4: frozen White Blood Cells are sent over to the researcher. A typical, 50 microliter sample has about 10 million white blood cells. Each of these cells has the complete genome of the person from whom the blood was taken-- All 46 chromosomes and 80,000-- 100,000 genes.

Researchers used to extract DNA from white blood cells with a phenol chloroform solution; it would take about three weeks to process 100 samples. Now everything is automated and the job can be done in four days, De Vivo says.

With DNA in hand, she exults, "Now we are ready to get down to business!"

5: Polymerase Chain Reaction (PCR) is used to isolate, then "amplify"--or multiply many times over--the DNA. With heat and bits of DNA called primers, PCR "unzips" the double-helix and separates it into single strands. Then, by attaching molecular mirror images to these single strands, the PCR process creates copies.

Each cycle of PCR doubles the amount of genetic material to be studied. In a matter of hours, a PCR machine can generate one billion copies.

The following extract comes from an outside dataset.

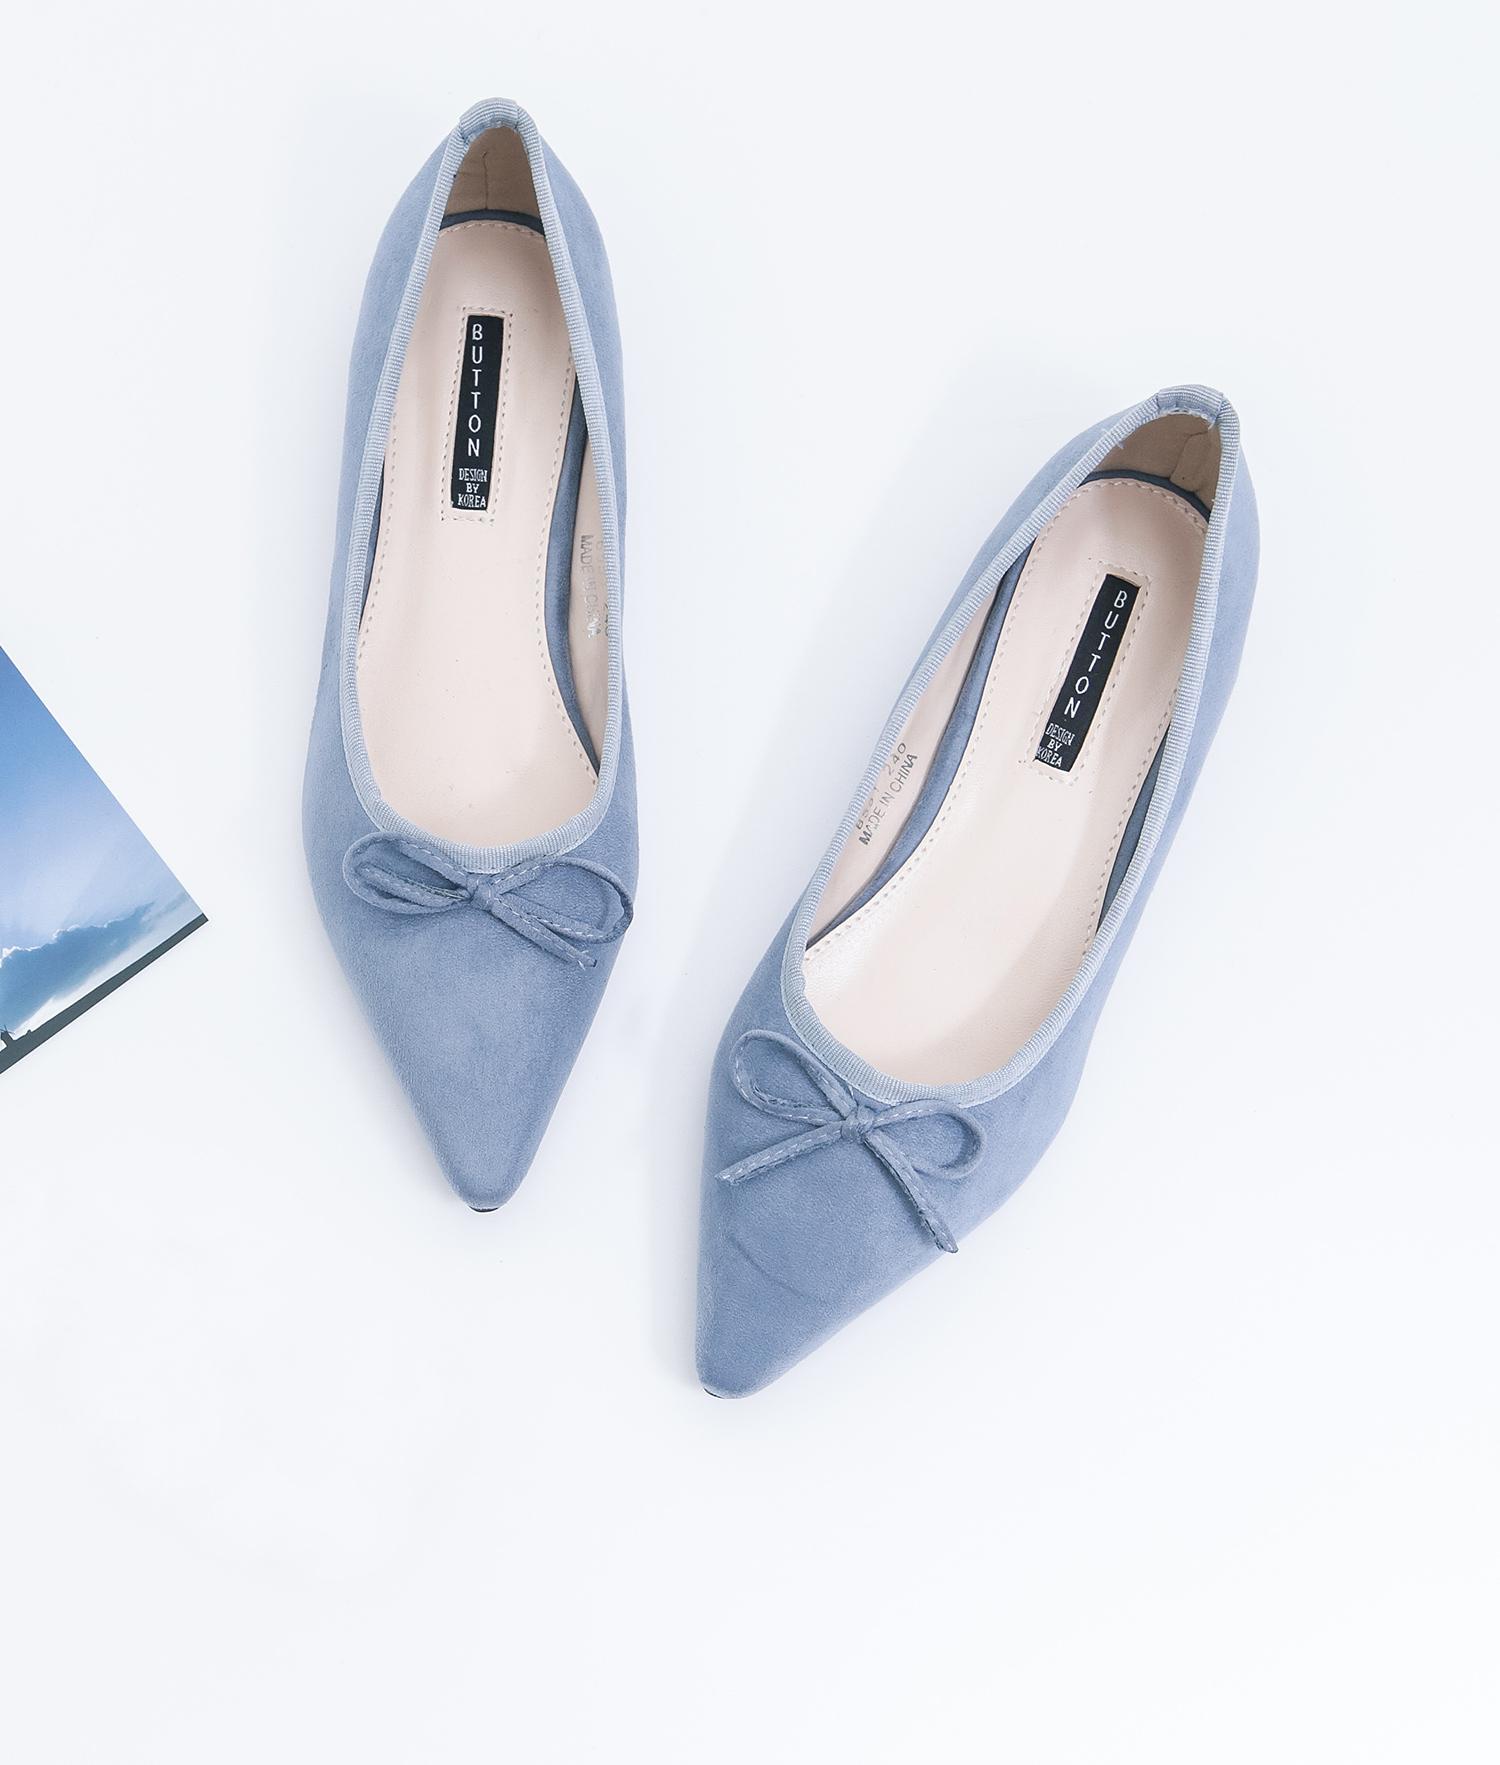 d68061904b2 AnnaKastle Womens Cute Bow Pointed Toe Ballerina Flats Blue
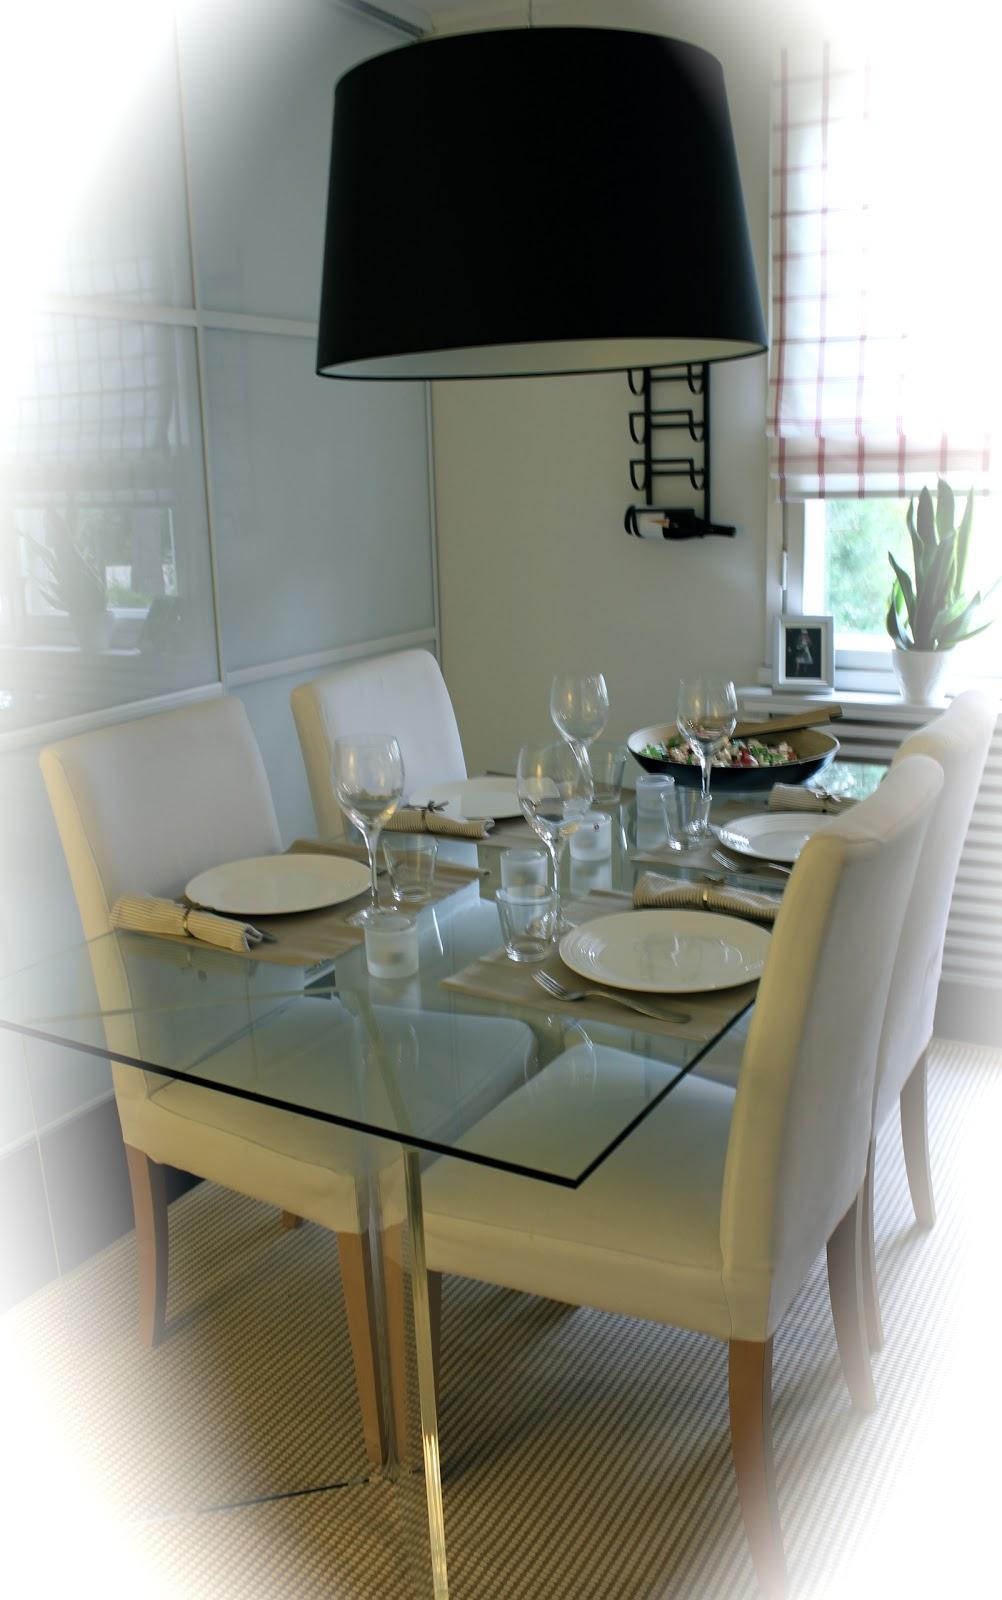 Design Koksbord :  design jasper conrad samt kosta bodas hand blosta chateau glas design

6: In a process called single-strand, conformation polymorphism analysis, the PCR-generated DNA is "pre-screened" using an ABI 377 automated sequencer. The idea is to pick out differences (variants) between the DNA that came from the study subjects and a "reference strand" form a national, standardized gene bank.

7: Researchers look for the stretches of DNA that are different than the norm and then sequence them. Sequencing means to find the exact order of adenine (A), cytosine (C), thymine (T), and guanine (G) bases. These sequences of bases are the defining characteristic of a stretch of DNA. They determine what kind of protein will be generated by a gene.

These bases, and the order in which they come, are to DNA what the alphabet and letters are to the written word; if the bases are out of order or some are missing, the DNA can't be "read" properly. De Vivo describes this step as "defining the variant."

8: With the Variants Identified, epidemiologic analysis and reasoning comes into play: is the variant more common in cases (sick people) compared to controls (well people)? How much more common? Other factors such as diet are folded into the equation to see if a given genetic variant, in combination with some exposure (a high-fat diet, for example) might lead to higher risk. "The strength of the Nurses' Health study and the Channing is the ability to do a lot of gene- environment work," comments De Vivo. The Channing Laboratory also has a corps of statisticians that sometimes helps with analysis.

9: The researchers submit a manuscript to the committee that gave the study the initial go ahead. The committee provides what is, in effect, and in-house peer review, checking the number and looking for any holes in the study's argument and presentation.

10: Voila! Regardless if an association is found between the disease and the gene, if the study is well-designed and executed, and the research gets published, then the formula is a success.